YOUR GOAL:
Starting with the line containing "人工極端な申請中大人のビジネスマンのための男性専用化粧品 BlackBiz COLOR" and going on through the line containing "Концепция достройки фасада", return the lines of the data below exactly, and only those.

Dataset items
*** Block opens ***

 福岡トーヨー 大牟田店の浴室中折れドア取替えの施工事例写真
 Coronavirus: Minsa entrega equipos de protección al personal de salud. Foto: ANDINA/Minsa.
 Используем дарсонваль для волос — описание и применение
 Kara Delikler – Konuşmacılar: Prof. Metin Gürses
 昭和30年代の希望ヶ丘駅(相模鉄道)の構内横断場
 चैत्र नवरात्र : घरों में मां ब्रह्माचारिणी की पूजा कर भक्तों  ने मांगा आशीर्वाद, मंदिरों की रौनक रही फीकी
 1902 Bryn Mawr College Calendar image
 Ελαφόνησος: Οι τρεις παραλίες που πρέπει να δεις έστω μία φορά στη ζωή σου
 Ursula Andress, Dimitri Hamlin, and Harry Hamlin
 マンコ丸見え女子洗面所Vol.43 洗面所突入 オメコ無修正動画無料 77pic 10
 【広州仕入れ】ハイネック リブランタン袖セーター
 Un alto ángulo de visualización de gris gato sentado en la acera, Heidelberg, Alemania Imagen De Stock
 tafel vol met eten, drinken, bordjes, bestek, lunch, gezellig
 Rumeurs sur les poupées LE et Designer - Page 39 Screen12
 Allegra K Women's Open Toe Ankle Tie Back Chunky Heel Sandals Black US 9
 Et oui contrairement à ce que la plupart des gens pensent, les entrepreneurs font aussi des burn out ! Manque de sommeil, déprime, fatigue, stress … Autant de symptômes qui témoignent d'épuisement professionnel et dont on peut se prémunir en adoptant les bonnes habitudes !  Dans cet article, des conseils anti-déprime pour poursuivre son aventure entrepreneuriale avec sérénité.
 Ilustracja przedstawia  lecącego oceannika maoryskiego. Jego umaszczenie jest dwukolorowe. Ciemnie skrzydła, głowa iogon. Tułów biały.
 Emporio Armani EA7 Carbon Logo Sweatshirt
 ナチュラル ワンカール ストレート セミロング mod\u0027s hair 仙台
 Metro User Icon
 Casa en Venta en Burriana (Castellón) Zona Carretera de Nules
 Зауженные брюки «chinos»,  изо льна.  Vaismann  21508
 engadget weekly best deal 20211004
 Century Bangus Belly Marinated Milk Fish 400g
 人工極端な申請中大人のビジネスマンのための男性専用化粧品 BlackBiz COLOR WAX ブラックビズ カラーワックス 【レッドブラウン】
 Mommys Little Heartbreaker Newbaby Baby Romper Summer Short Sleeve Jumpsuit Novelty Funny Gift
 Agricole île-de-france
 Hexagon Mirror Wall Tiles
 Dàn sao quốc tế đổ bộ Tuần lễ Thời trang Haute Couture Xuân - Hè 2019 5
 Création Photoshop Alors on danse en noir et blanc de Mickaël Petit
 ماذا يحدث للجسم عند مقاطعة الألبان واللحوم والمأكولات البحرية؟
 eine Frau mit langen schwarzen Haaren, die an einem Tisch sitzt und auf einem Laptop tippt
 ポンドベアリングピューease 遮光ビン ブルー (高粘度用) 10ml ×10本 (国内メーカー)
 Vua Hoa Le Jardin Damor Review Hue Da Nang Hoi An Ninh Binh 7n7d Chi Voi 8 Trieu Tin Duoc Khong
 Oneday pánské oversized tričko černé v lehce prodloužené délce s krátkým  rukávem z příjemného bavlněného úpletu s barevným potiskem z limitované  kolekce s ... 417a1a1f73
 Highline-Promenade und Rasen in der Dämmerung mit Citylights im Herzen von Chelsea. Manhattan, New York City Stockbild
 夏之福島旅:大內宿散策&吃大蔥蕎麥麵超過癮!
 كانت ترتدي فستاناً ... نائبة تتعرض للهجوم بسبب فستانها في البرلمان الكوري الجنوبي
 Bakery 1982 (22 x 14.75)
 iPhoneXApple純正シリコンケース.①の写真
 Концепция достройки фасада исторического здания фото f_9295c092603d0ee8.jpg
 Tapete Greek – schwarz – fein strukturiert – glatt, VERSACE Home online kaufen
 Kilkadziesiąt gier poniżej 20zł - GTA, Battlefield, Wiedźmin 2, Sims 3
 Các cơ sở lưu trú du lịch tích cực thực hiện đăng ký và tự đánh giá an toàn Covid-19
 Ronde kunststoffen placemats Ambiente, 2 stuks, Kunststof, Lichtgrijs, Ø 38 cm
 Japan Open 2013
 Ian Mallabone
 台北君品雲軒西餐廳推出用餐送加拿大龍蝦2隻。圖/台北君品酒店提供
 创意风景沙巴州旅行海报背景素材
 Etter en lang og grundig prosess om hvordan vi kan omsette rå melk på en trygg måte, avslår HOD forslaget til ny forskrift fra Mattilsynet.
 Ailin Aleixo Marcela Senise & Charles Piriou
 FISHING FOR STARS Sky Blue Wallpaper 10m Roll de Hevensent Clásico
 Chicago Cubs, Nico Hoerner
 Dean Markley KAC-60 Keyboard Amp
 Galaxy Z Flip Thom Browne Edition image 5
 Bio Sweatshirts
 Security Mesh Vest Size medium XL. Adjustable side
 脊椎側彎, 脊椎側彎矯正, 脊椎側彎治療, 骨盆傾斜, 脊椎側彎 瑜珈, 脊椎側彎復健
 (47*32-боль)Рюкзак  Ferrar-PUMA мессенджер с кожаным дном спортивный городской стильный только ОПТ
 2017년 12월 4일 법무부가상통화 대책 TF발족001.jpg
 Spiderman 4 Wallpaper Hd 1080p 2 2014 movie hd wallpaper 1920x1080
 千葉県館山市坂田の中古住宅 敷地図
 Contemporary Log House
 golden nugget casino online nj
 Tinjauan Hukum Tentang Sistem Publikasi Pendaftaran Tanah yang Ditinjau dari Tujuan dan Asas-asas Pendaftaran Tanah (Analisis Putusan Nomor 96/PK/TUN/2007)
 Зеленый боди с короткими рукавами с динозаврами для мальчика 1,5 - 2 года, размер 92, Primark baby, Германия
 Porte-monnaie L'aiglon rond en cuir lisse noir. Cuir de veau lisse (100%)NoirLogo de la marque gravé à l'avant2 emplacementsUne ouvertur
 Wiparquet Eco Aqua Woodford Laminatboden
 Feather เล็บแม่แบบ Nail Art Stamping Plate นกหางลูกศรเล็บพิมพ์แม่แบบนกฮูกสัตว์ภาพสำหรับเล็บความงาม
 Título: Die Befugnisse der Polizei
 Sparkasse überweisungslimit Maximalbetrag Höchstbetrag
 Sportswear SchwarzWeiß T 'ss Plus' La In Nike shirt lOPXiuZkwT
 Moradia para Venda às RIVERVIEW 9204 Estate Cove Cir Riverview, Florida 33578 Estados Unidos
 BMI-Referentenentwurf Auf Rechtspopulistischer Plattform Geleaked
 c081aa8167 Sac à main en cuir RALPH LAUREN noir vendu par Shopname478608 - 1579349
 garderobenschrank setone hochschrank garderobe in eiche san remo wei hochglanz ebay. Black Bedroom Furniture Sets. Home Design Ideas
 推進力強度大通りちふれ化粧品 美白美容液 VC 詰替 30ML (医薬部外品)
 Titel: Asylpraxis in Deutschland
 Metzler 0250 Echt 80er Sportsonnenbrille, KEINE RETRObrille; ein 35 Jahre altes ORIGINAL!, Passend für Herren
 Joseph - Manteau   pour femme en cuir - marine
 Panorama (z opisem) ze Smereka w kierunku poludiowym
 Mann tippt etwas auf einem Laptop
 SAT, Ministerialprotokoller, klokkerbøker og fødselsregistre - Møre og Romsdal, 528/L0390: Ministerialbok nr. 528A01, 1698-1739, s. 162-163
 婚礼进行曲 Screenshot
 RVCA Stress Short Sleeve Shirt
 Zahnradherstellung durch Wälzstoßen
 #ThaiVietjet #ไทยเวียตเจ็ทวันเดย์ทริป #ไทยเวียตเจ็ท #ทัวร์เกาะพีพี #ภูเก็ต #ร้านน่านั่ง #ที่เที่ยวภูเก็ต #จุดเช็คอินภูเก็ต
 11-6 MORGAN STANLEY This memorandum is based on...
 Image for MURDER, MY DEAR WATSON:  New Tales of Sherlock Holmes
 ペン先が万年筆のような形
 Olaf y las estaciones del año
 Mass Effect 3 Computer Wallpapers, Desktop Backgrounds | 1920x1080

*** Block closes ***

TASK RESPONSE:
 人工極端な申請中大人のビジネスマンのための男性専用化粧品 BlackBiz COLOR WAX ブラックビズ カラーワックス 【レッドブラウン】
 Mommys Little Heartbreaker Newbaby Baby Romper Summer Short Sleeve Jumpsuit Novelty Funny Gift
 Agricole île-de-france
 Hexagon Mirror Wall Tiles
 Dàn sao quốc tế đổ bộ Tuần lễ Thời trang Haute Couture Xuân - Hè 2019 5
 Création Photoshop Alors on danse en noir et blanc de Mickaël Petit
 ماذا يحدث للجسم عند مقاطعة الألبان واللحوم والمأكولات البحرية؟
 eine Frau mit langen schwarzen Haaren, die an einem Tisch sitzt und auf einem Laptop tippt
 ポンドベアリングピューease 遮光ビン ブルー (高粘度用) 10ml ×10本 (国内メーカー)
 Vua Hoa Le Jardin Damor Review Hue Da Nang Hoi An Ninh Binh 7n7d Chi Voi 8 Trieu Tin Duoc Khong
 Oneday pánské oversized tričko černé v lehce prodloužené délce s krátkým  rukávem z příjemného bavlněného úpletu s barevným potiskem z limitované  kolekce s ... 417a1a1f73
 Highline-Promenade und Rasen in der Dämmerung mit Citylights im Herzen von Chelsea. Manhattan, New York City Stockbild
 夏之福島旅:大內宿散策&吃大蔥蕎麥麵超過癮!
 كانت ترتدي فستاناً ... نائبة تتعرض للهجوم بسبب فستانها في البرلمان الكوري الجنوبي
 Bakery 1982 (22 x 14.75)
 iPhoneXApple純正シリコンケース.①の写真
 Концепция достройки фасада исторического здания фото f_9295c092603d0ee8.jpg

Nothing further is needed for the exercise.